Tout en reconnaissant la solidité du secteur comme levier de développement pérenne, ces études recommandent l’exploration de pistes pour aider la Tunisie à faire face à la concurrence internationale et à augmenter la valeur ajoutée de cette activité. Dans le détail, elles suggèrent d’agir sur quatre volets : territorialisation (tourisme des régions) et diversification (création de nouveaux produits), gestion intégrée de la qualité, innovation et formation.

« De nombreux travaux de réflexion ont été entrepris pour remédier à la monotypie du secteur. Le résultat est, toutefois, décevant : rien n’a pratiquement changé. »

Une situation inchangée

Malheureusement, au regard des résultats sur le terrain et après une prise de conscience, depuis presque un demi-siècle, des vulnérabilités structurelles, la situation est toujours la même. Le secteur demeure monotypique, axé sur le balnéaire.

Les solutions pragmatiques récentes

Au niveau de l’État tunisien, au moins deux études stratégiques ont été mises au point ces quinze dernières années (2011–2025).

L’étude de l’ère Nejla Bouden

La plus récente a été élaborée au temps de la cheffe du gouvernement Nejla Bouden (2022–2023). À la lire de près, cette étude, menée à la hussarde semble-t-il, est une véritable « feuille de chou », juste une liste de généralités et de professions de foi galvaudées.

« Ce secteur souffre de problèmes structurels : surcapacité hôtelière sur le littoral (90 %), faible diversification du produit touristique… »

L’initiative de l’IACE

Le think tank, l’Institut arabe des chefs d’entreprises (IACE), a fait mieux que le gouvernement en proposant, lors de son 9ᵉ forum (18 septembre 2025), des actions pragmatiques et applicables. L’Institut, qui a investi dans ce qui est possible, a opté pour une approche réglementaire chiffrée de créneaux à haute valeur ajoutée, insuffisamment exploités : tourisme de haut de gamme, tourisme de santé et de retraite, maisons d’hôtes, tourisme rural et chez l’habitant.

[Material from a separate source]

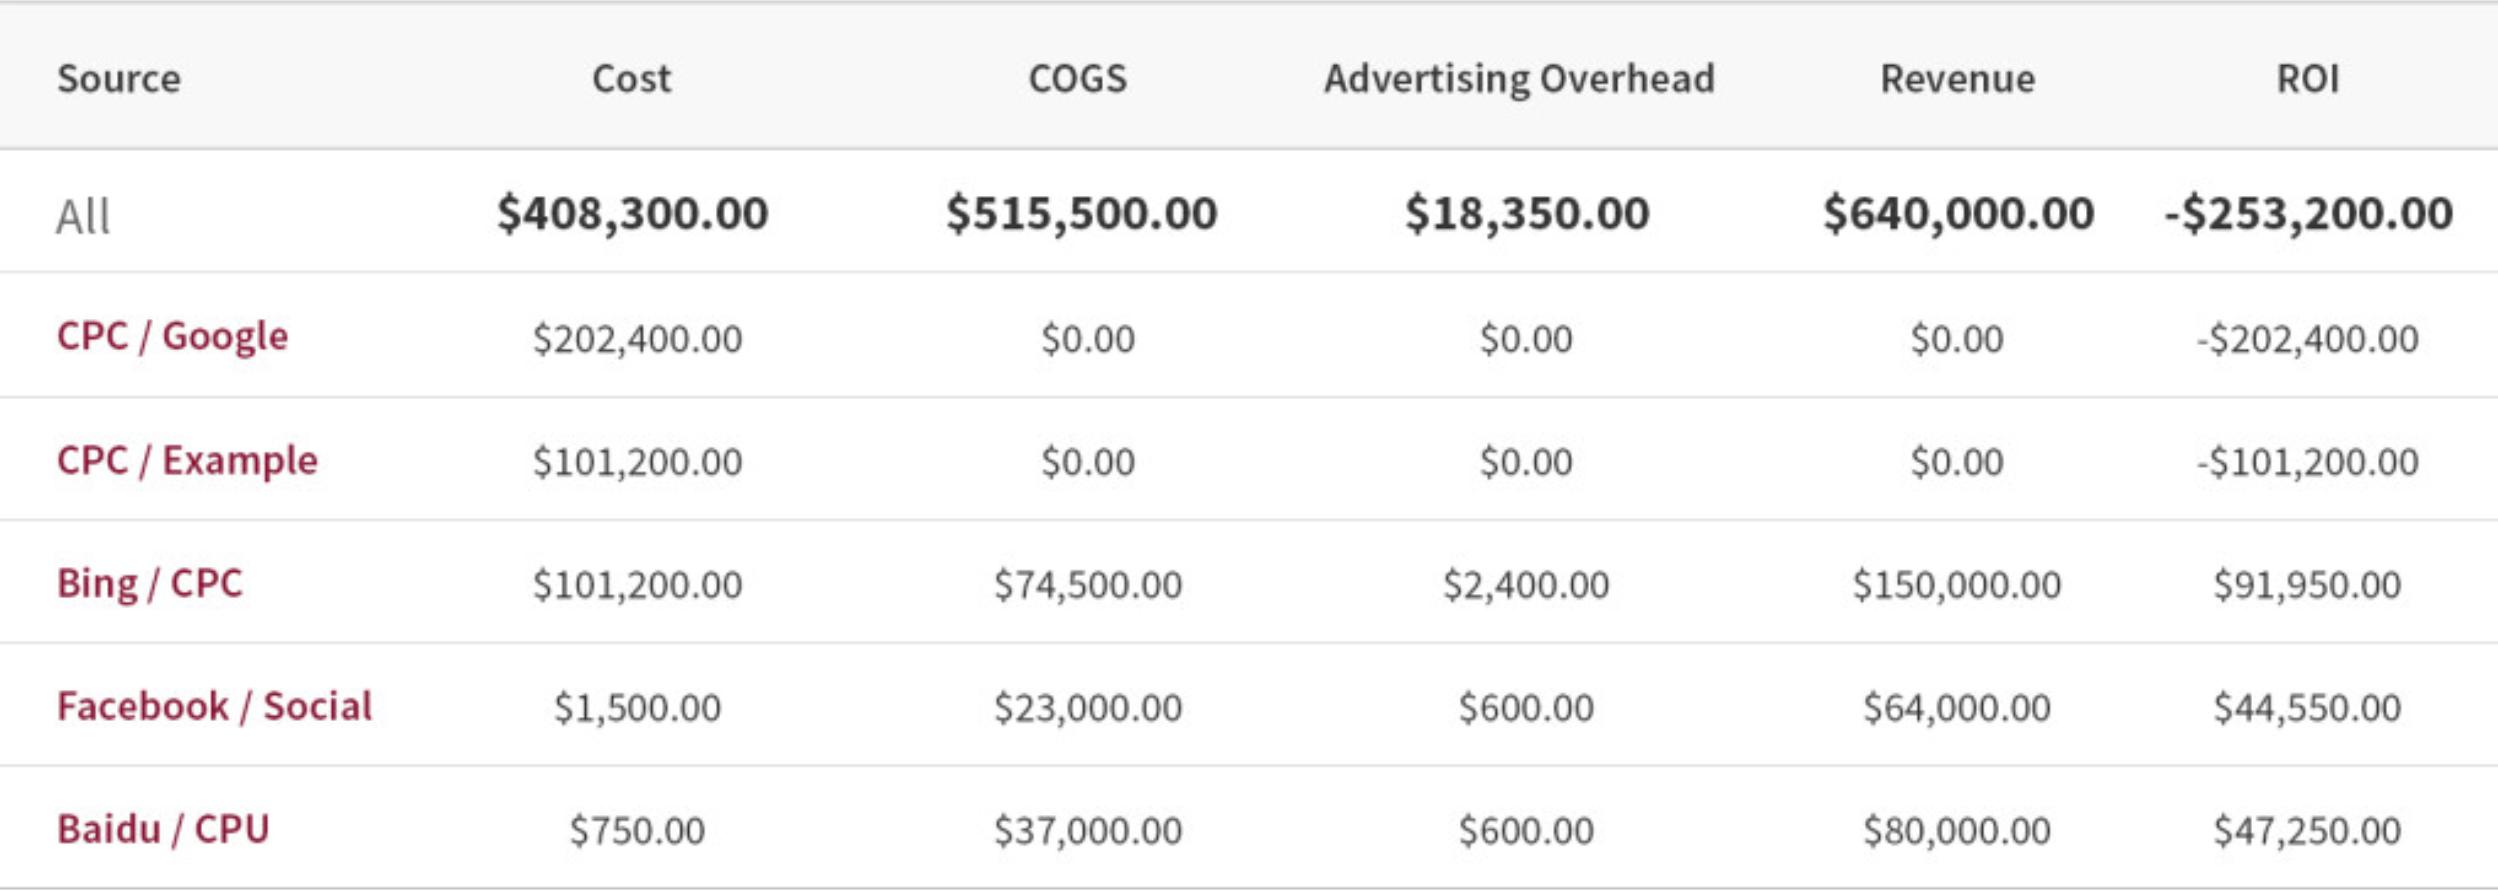 Cost Data Analysis in Google Analytics Example

Concrètement, ces recommandations, si elles sont réalisées, permettront de générer des recettes totales de l’ordre de 13,17 milliards de dinars à l’horizon 2030, soit 24,45 % des recettes totales du secteur.

L’étude de 2011

La deuxième étude stratégique, effectuée en 2011 par le ministère du Tourisme, a mis l’accent sur l’intérêt à développer des filières à portée de main, comme les séjours courts et le tourisme des régions. Elle recommande aussi aux hôteliers de faire preuve d’innovation, de s’appuyer sur les nouvelles technologies de l’information et de la communication, d’être à l’écoute des attentes de la clientèle et d’adopter des technologies permettant de pérenniser l’activité touristique.

Enfin, elle insiste sur la formation, gage de nouvelles figures professionnelles capables de créer des compétences dans le domaine du patrimoine, du tourisme et de l’environnement.

« Malheureusement, la situation est toujours la même. Le secteur demeure monotypique, axé sur le balnéaire. »

Le défi de la vision

Au-delà des conclusions des différentes études stratégiques, ce ne sont pas les solutions qui manquent. Ce qui fait défaut, c’est une vision sur plus de 25 ans et une volonté politique capable de confirmer, voire d’imposer, le tourisme comme levier de développement pérenne et à portée de main.

Abou SARRA

EN BREF

  • Le tourisme tunisien reste centré sur le balnéaire malgré 40 ans d’études.
  • Les vulnérabilités structurelles identifiées : surcapacité, faible diversification, endettement.
  • L’étude de 2011 proposait innovation, séjours courts, tourisme régional et formation.
  • L’IACE, en 2025, a avancé des solutions pragmatiques chiffrées : haut de gamme, santé, rural, maisons d’hôtes.
  • Les recettes projetées atteindraient 13,17 milliards de dinars en 2030, mais l’absence de vision et de volonté politique bloque la transformation.